Внезапно повернувшись лицом к матери, он спросил:
— У тебя не найдется десяти тысяч франков?
Вот чего она ожидала с самого его прихода, только за этим он и заезжал к ней.
— Десять тысяч франков!.. Откуда?..
Больше она не произнесла ни слова, но рот ее и глаза, выражавшие бесконечное страдание, казалось, говорили: «Ты же отлично знаешь, что я тебе все отдала, что на мне тряпье, что вот уже три года, как я не покупала себе шляпки, что Корантина стирает мое белье на кухне, потому что мне совестно такую рвань отдавать прачке, и ты ведь знаешь, что тяжелее всего для меня отказать тебе. Зачем же ты меня об этом просишь?»
Немой упрек матери был так красноречив, что Поль Астье поспешил ответить:
— Разумеется, я не тебя имел в виду. Если бы они у тебя были!..
А затем, с обычной для него холодной насмешливостью, продолжал:
— Мэтр там, наверху... Может быть, тебе удастся вытянуть из него?.. Ведь ты умеешь подойти к нему!
— Это было раньше, теперь уж не то...
— Однако он работает, книги его продаются, вы ничего не тратите...
Он окинул взглядом обветшавшую меблировку комнаты, окутанной полумраком, полинялые занавески, вытертые ковры, не обновлявшиеся в течение тридцати лет, со дня свадьбы родителей.

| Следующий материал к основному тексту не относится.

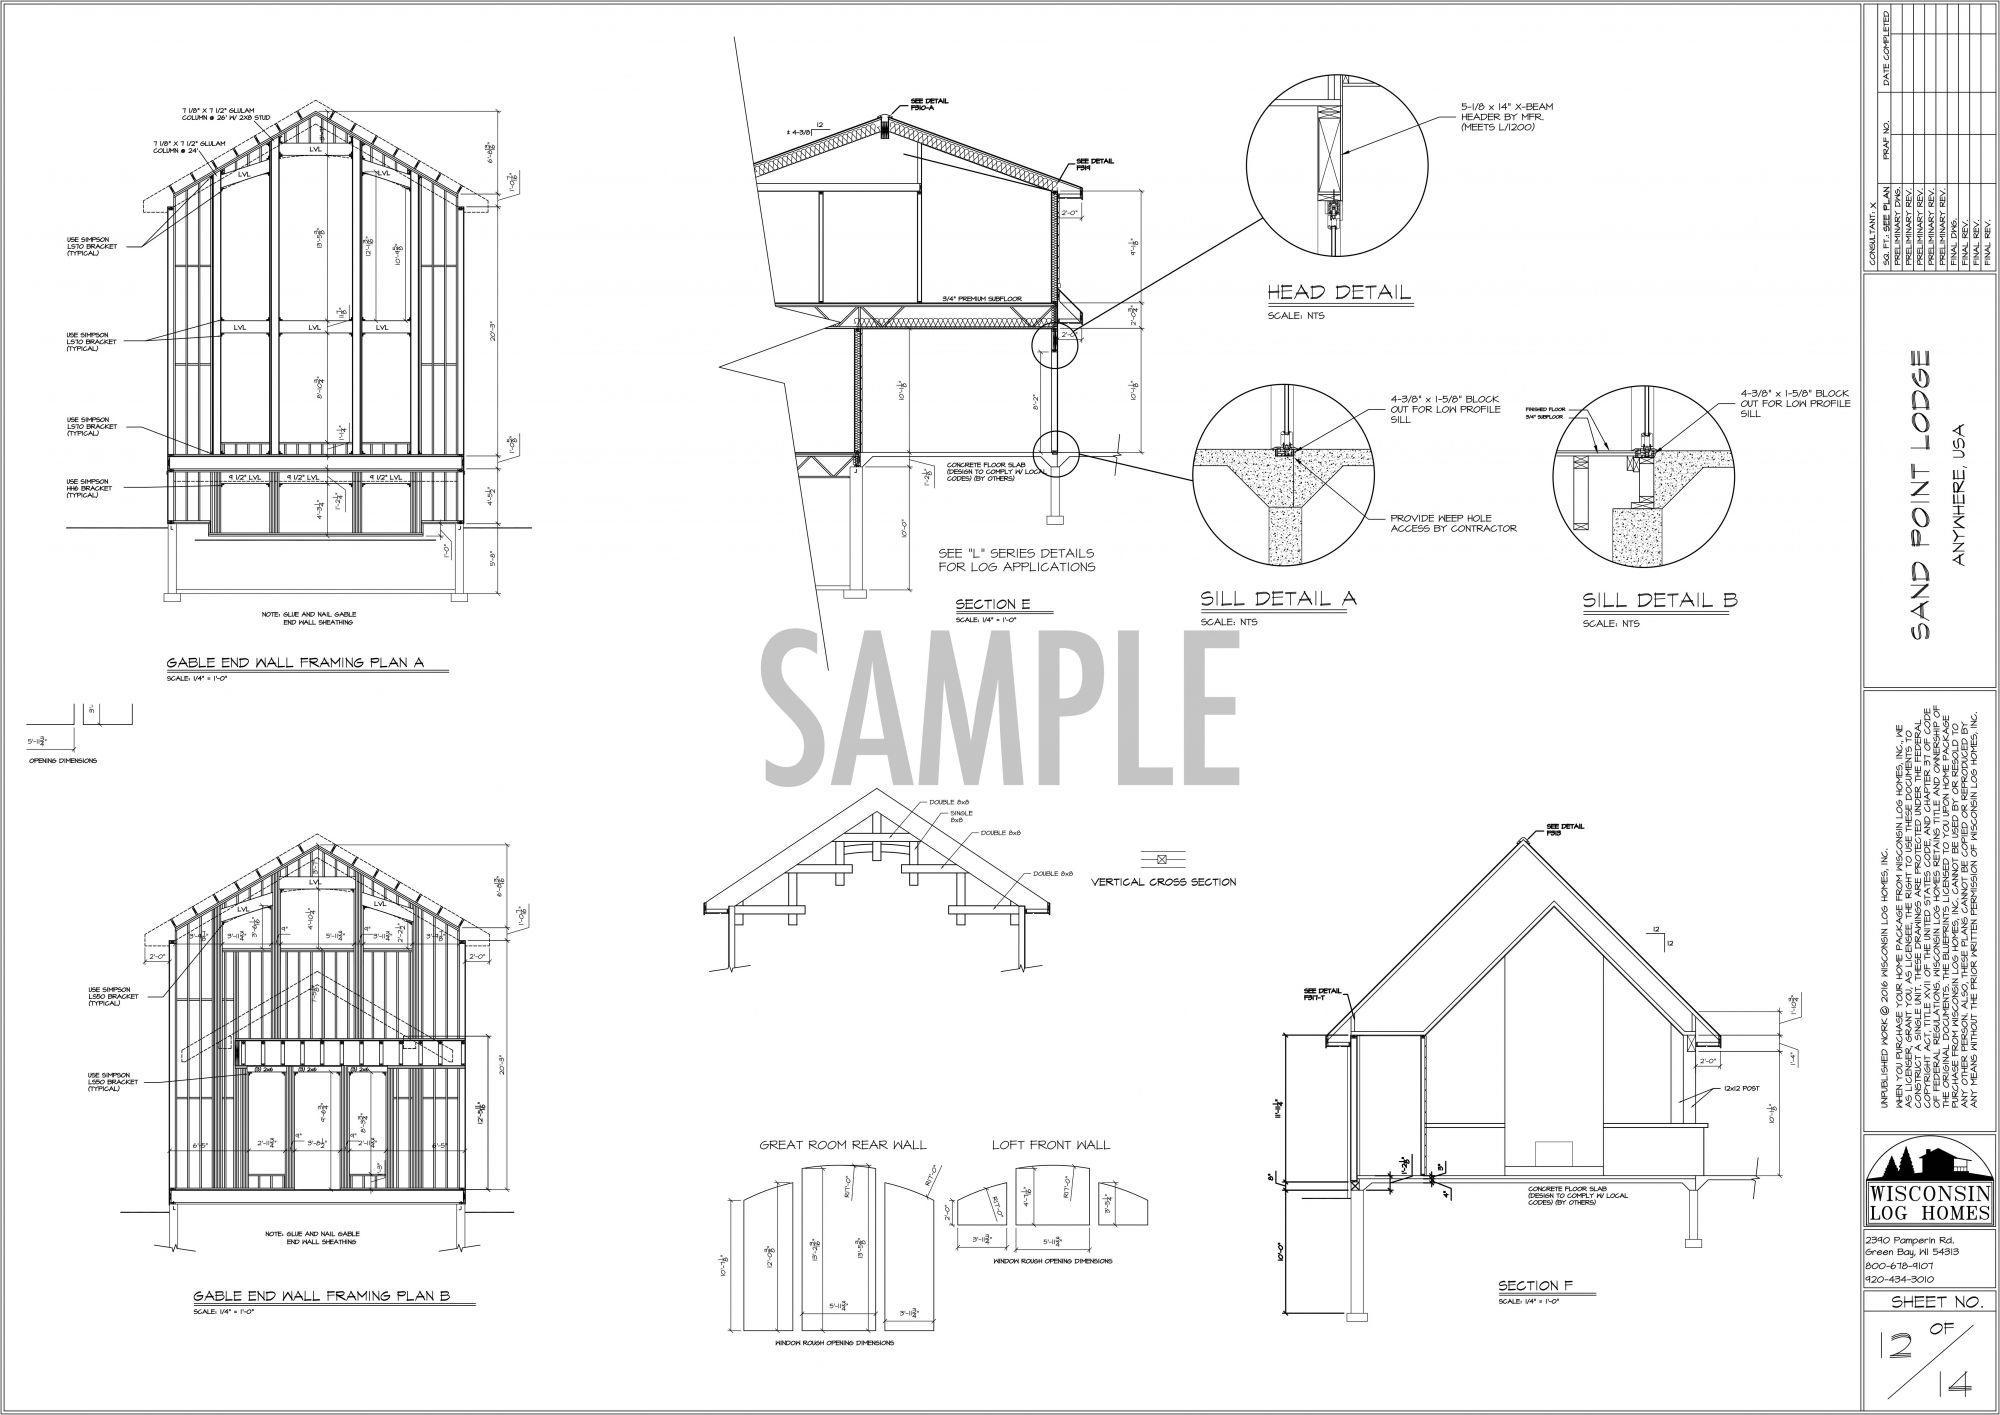 Copyright Wisconsin Log Homes

Куда же уходят отцовские деньги?
— Уж не кутит ли мой родитель?..
Но столь чудовищно, столь невероятно было представить себе Леонара Астье-Рею кутилой, что жена его, несмотря на свои печальные мысли, не могла удержаться от смеха. Нет, на этот счет можно не беспокоиться.
— Но что прикажешь делать? Он таится, не доверяет... Мужик припрятывает денежки, уж и без того ему от нас солоно пришлось.

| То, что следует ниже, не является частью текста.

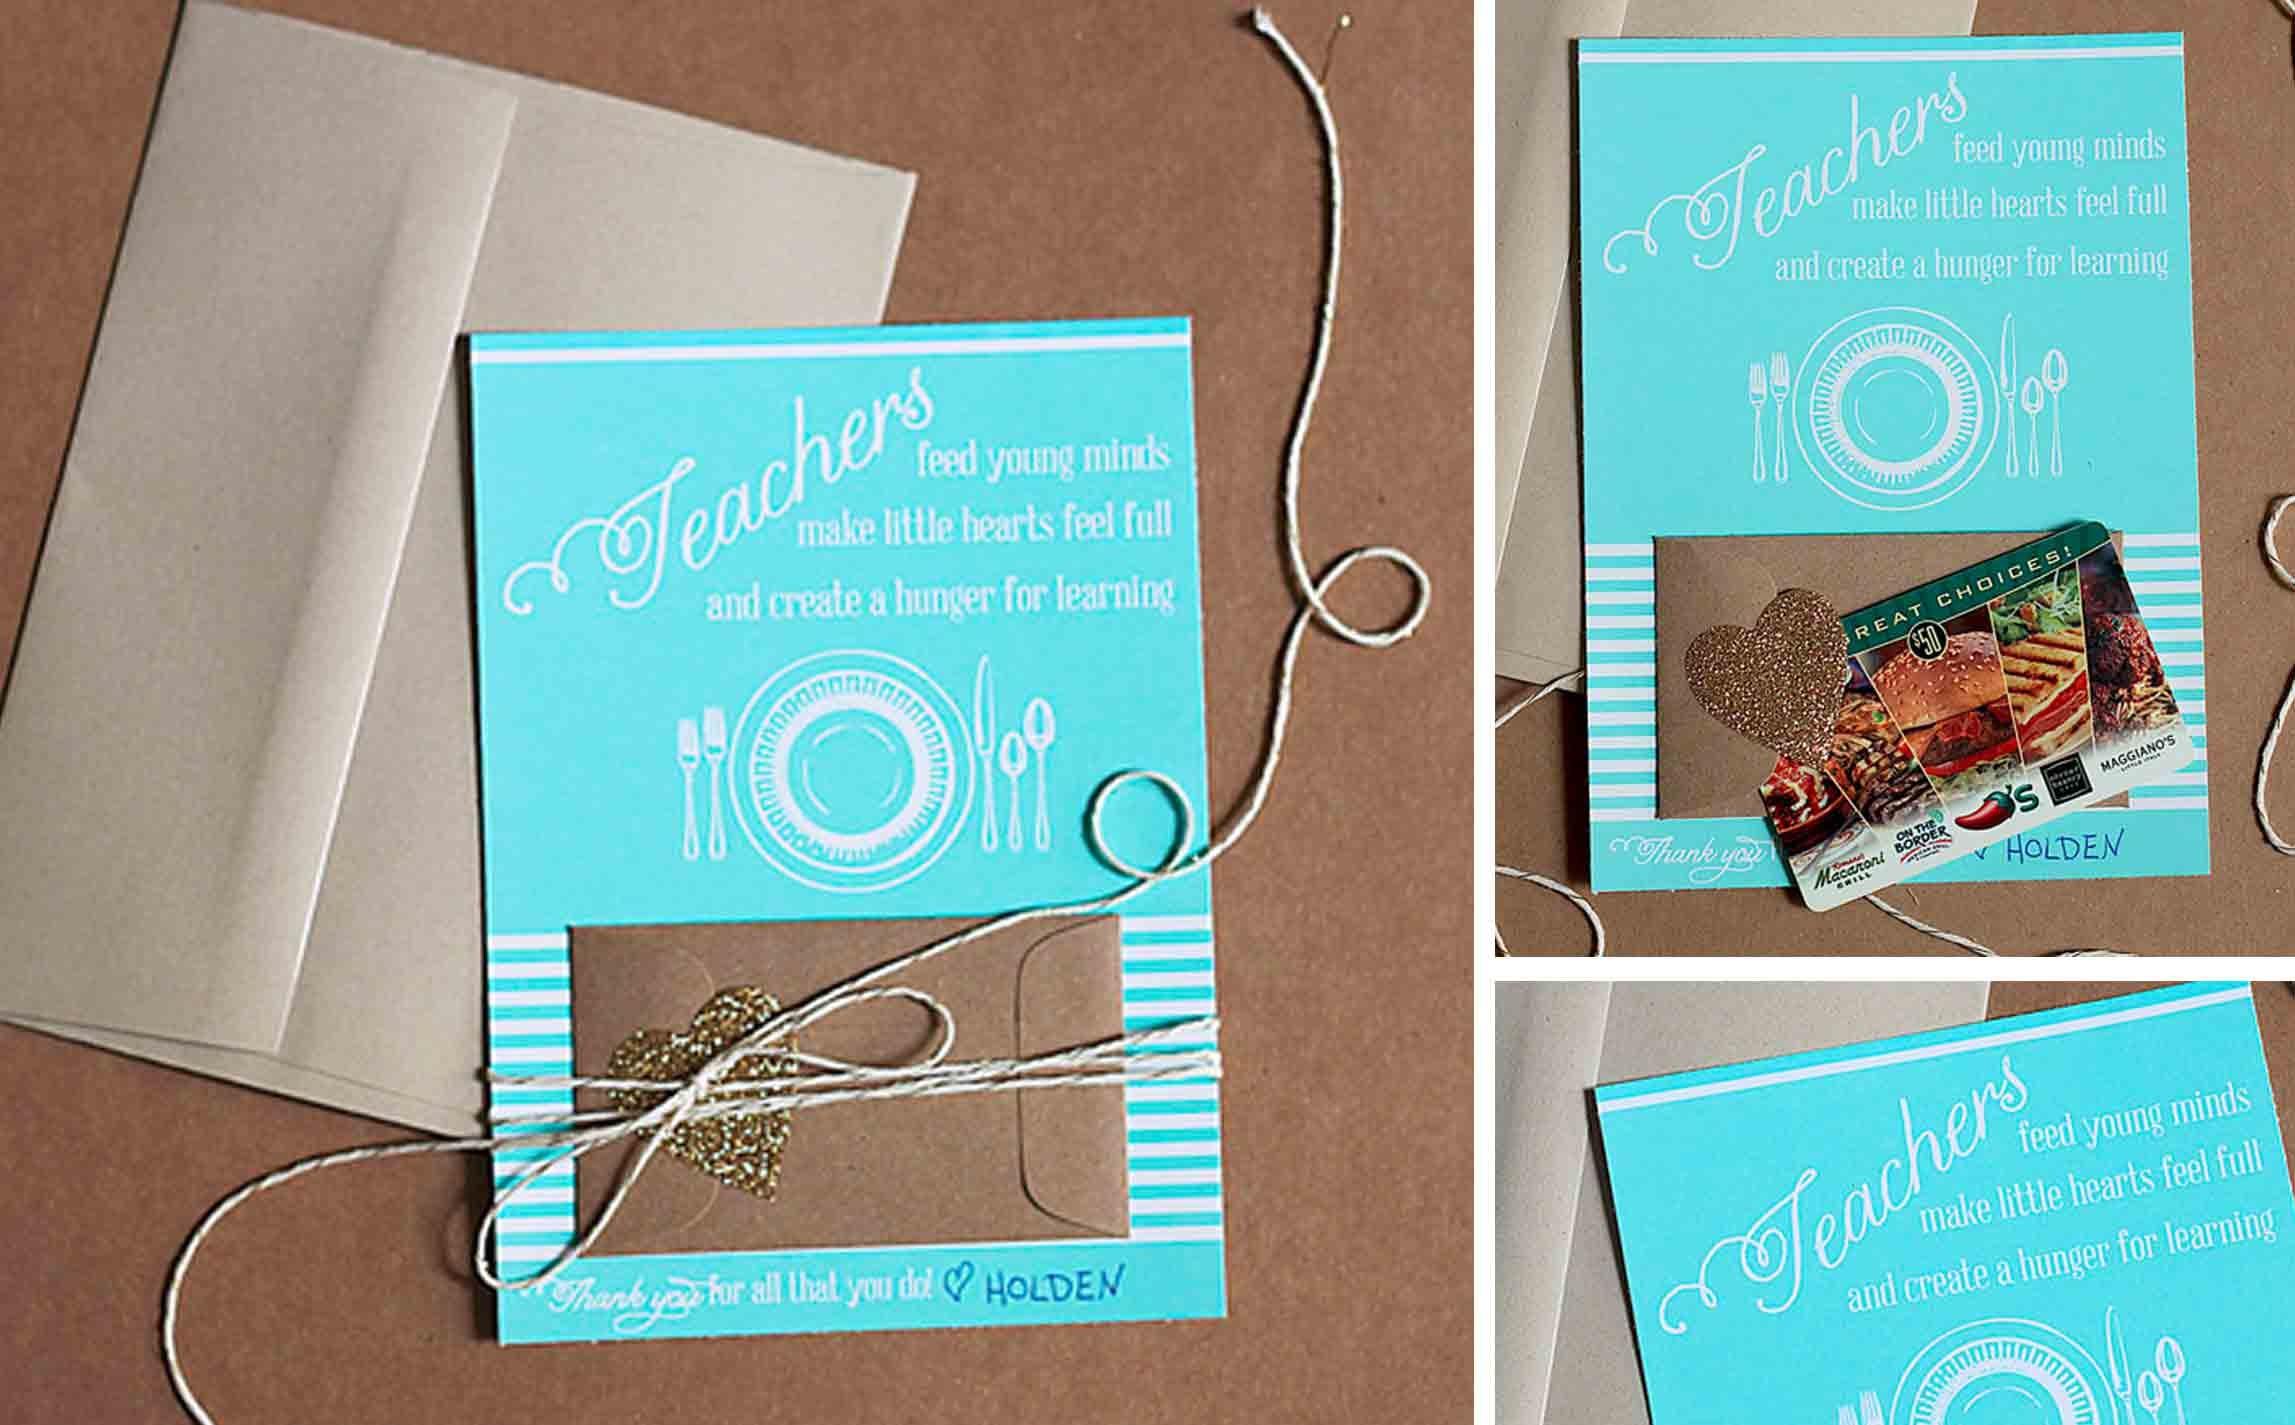 Over 50 Printable Gift Card Holders For The Holidays | Gcg - Make A Holiday Card For Free Printable

Они говорили шепотом, как сообщники, не подымая глаз.
— А дедушка? — неуверенно спросил Поль. — Что, если бы ты попыталась?..
— Дедушка? Да ты с ума сошел!..
Он ведь хорошо знал старого Рею, знал беспощадный эгоизм этого почти столетнего старика, который скорее дал бы им всем умереть, нежели лишил себя понюшки табаку или одной из булавок, воткнутых в отвороты его сюртука. Бедный мальчик! Значит, он дошел до последней крайности, если у него явилась такая мысль.

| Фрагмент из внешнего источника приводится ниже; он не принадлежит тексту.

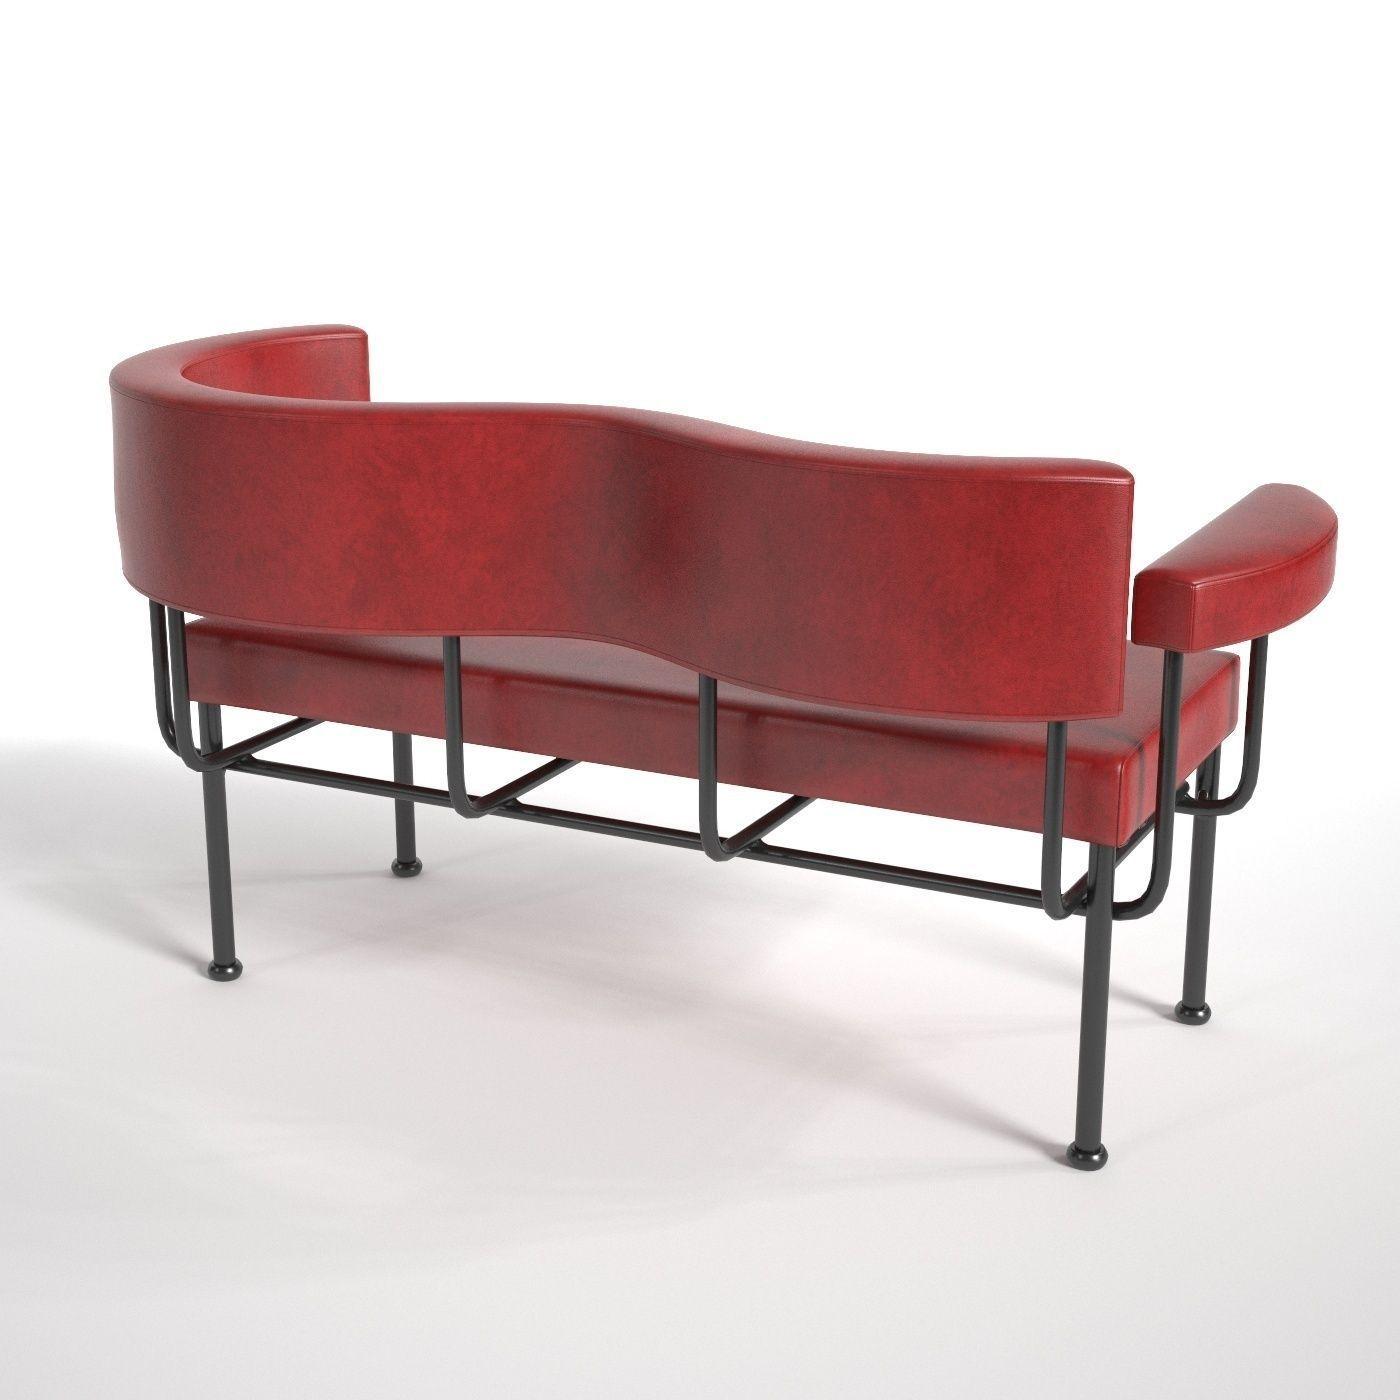 Stellar Works Cotton Club Sofa 3D

— Может быть, мне попросить?..
— У кого?
— На улице Курсель... аванс за гробницу.
— И заикаться об этом не вздумай!
Он говорил повелительно, губы у него побелели, в глазах сверкнул недобрый огонек, но, тут же овладев собой, он с обычной насмешливостью добавил:
— Не беспокойся... Это просто временное затруднение... Я бывал и не в таких переделках.
Госпожа Астье протянула ему шляпу, которую он искал, собираясь уехать, так как ничего не смог добиться от матери. Чтобы задержать сына еще на несколько минут, она заговорила об одном выгодном дельце, одном сватовстве, которое ей поручено.
При слове «сватовство» Поль вздрогнул и искоса взглянул на мать.
— И кого это ты собираешься сватать?
Она поклялась никому не говорить, но ему...
— Князя д'Атис.
— Сами´!.. И кому же?
Она повела своим хитрым носиком.
— Ты ее не знаешь... Иностранка... Очень богатая. Если мне удастся, я сумею тебе помочь... Все обусловлено, подтверждено письмами...
Поль улыбнулся, совершенно успокоенный.
— А герцогиня?
— Ну, само собой, она и не подозревает.
— Ее князь, ее Сами... Связь, которая длится пятнадцать лет!
Госпожа Астье пожала плечами с таким ужасающим равнодушием, с каким только женщина может отнестись к другой.
— Тем хуже для нее! В ее годы...
— Сколько же ей лет?
— Она родилась в двадцать седьмом году... Теперь у нас восьмидесятый... Считай. На год старше меня.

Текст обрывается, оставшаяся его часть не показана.